__What you are asked to do__
Give back exactly the lines of the material below, starting with the line with "MTECH EXTREME BALLISTIC" and going on through the line with "Elf Bar - Elfa".

__Supplied data__

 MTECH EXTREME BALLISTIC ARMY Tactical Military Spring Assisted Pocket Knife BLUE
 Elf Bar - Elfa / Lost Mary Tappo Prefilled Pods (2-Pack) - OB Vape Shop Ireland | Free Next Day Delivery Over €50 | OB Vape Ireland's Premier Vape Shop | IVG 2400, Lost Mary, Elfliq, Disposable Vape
--
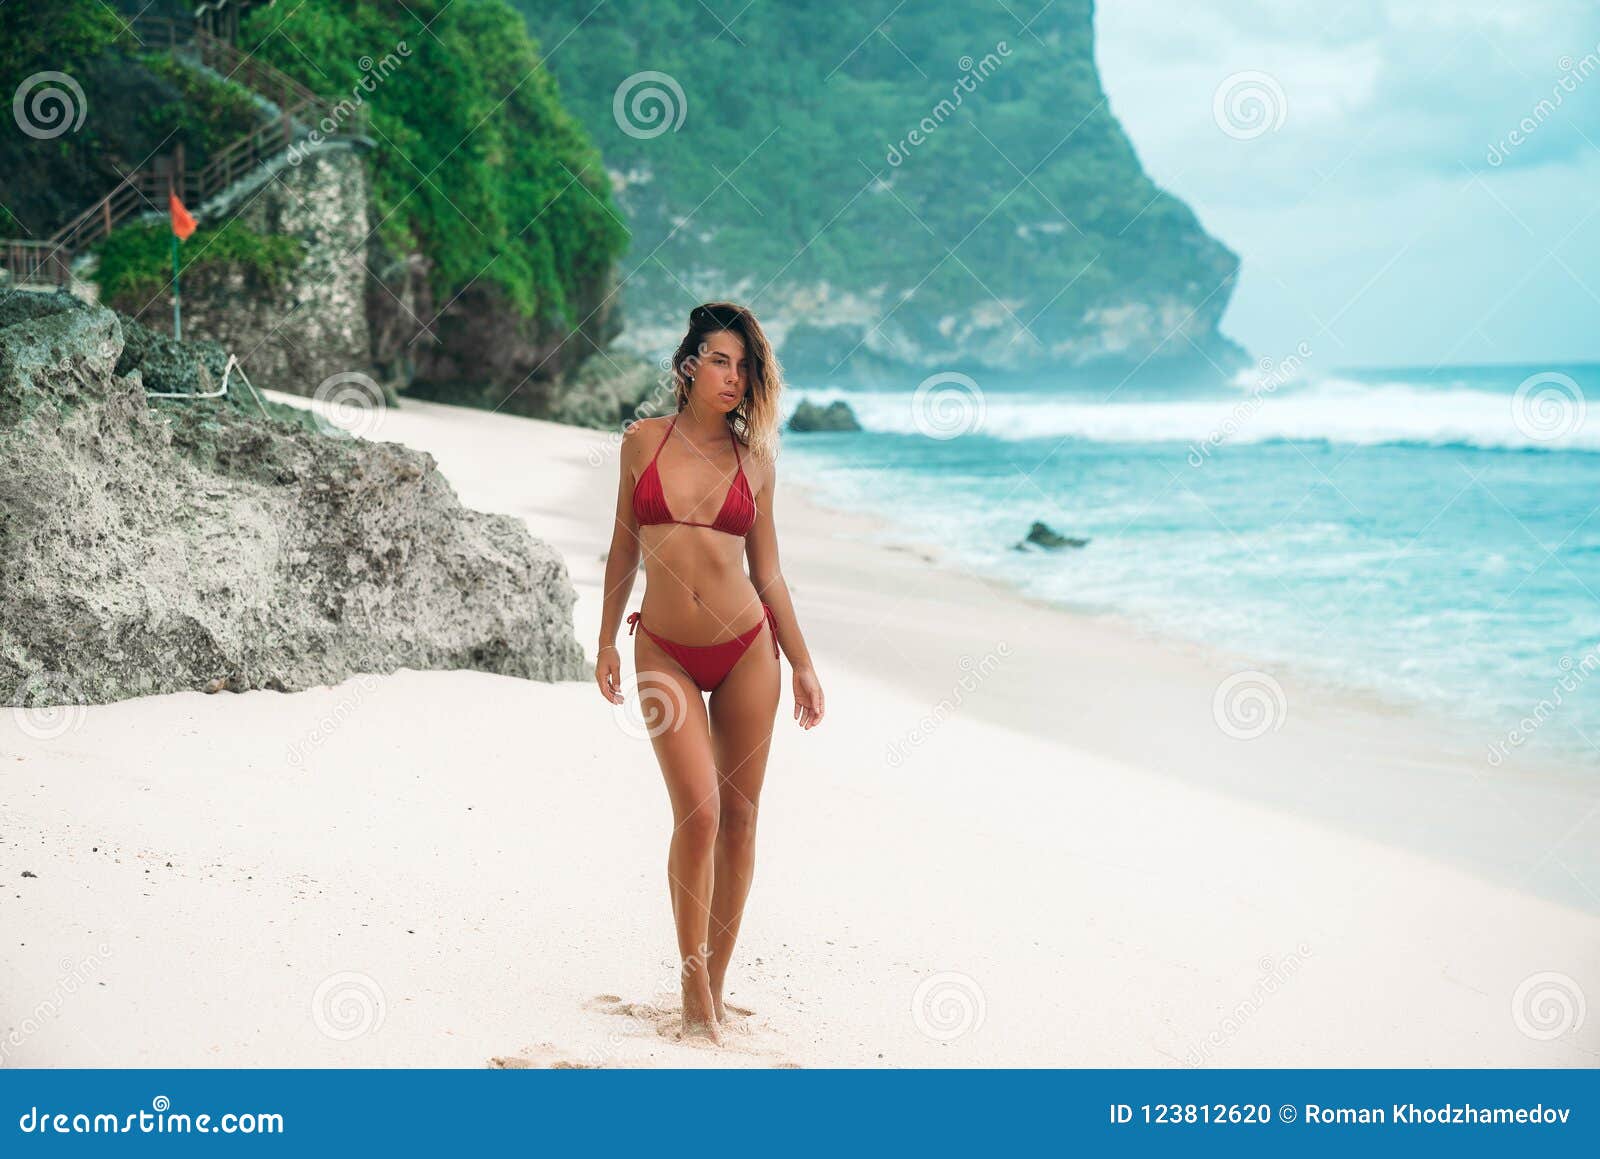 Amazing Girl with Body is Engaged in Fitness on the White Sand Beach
---
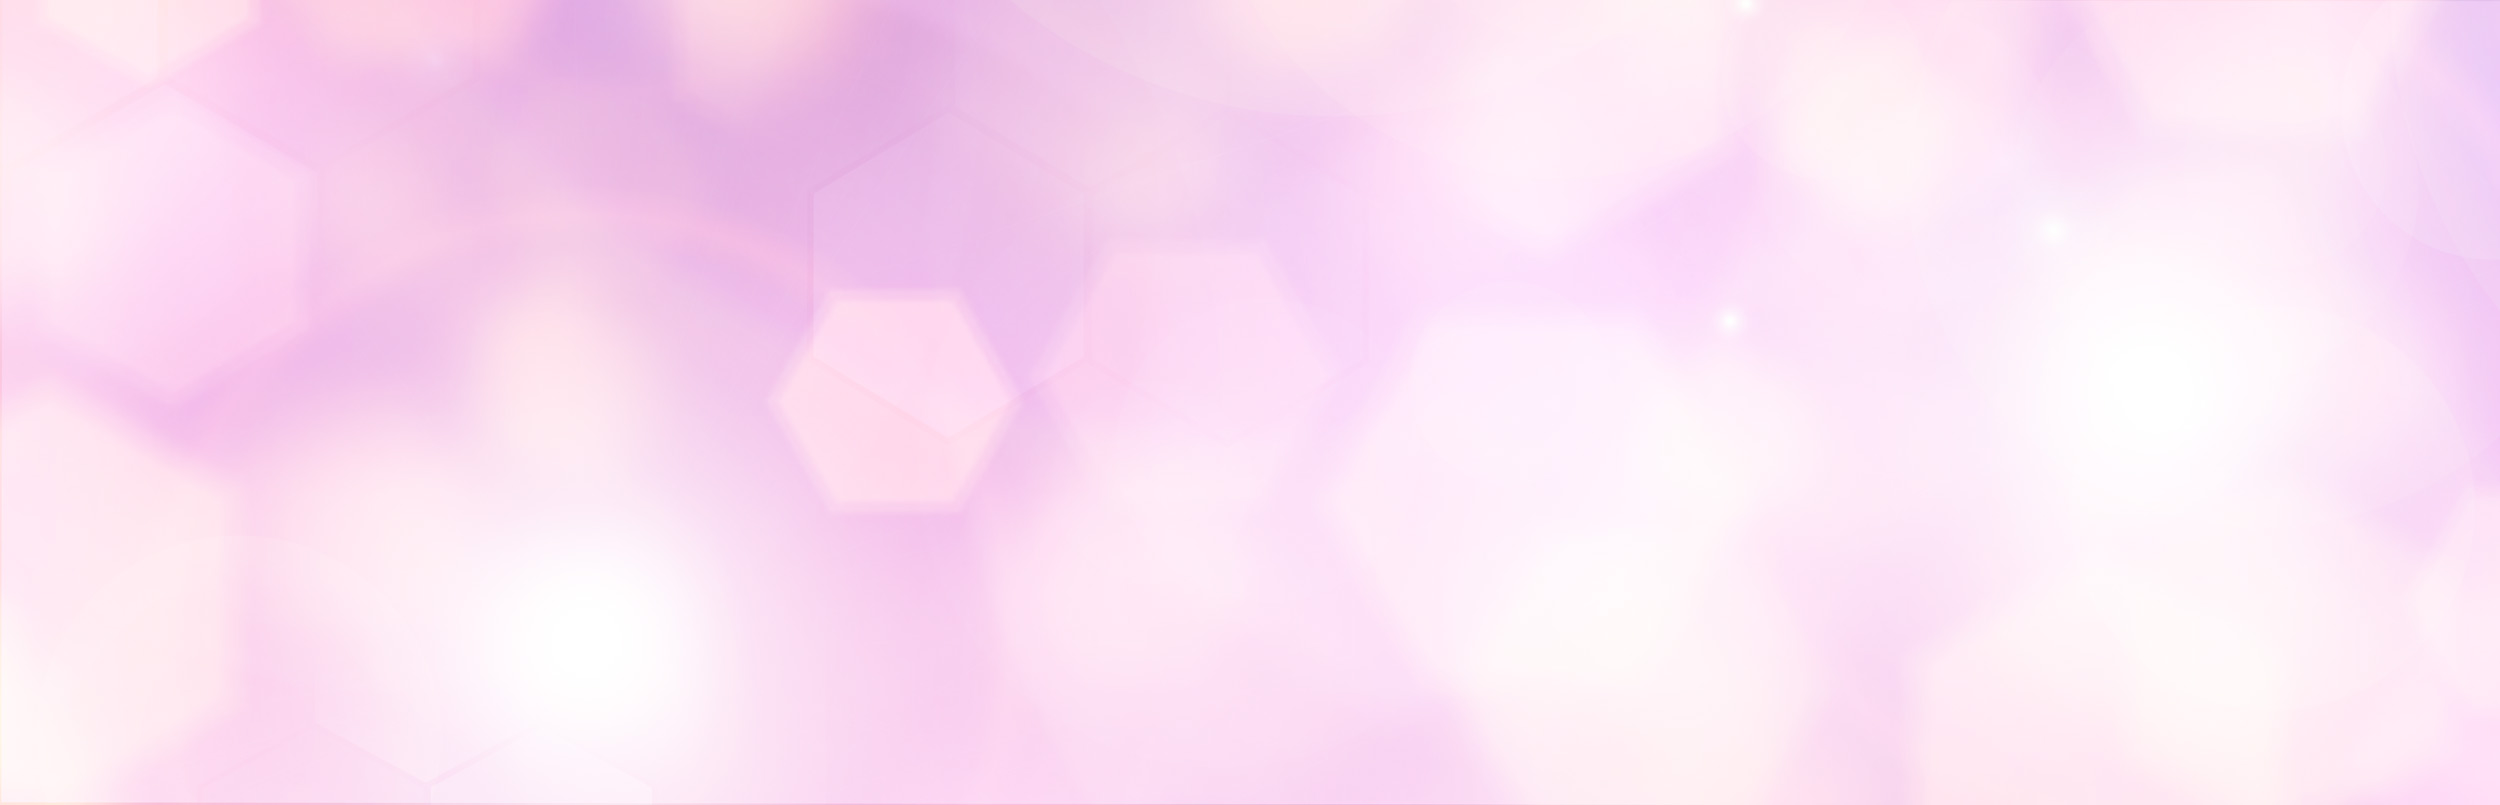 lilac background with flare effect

__Reply to the task__
 MTECH EXTREME BALLISTIC ARMY Tactical Military Spring Assisted Pocket Knife BLUE
 Elf Bar - Elfa / Lost Mary Tappo Prefilled Pods (2-Pack) - OB Vape Shop Ireland | Free Next Day Delivery Over €50 | OB Vape Ireland's Premier Vape Shop | IVG 2400, Lost Mary, Elfliq, Disposable Vape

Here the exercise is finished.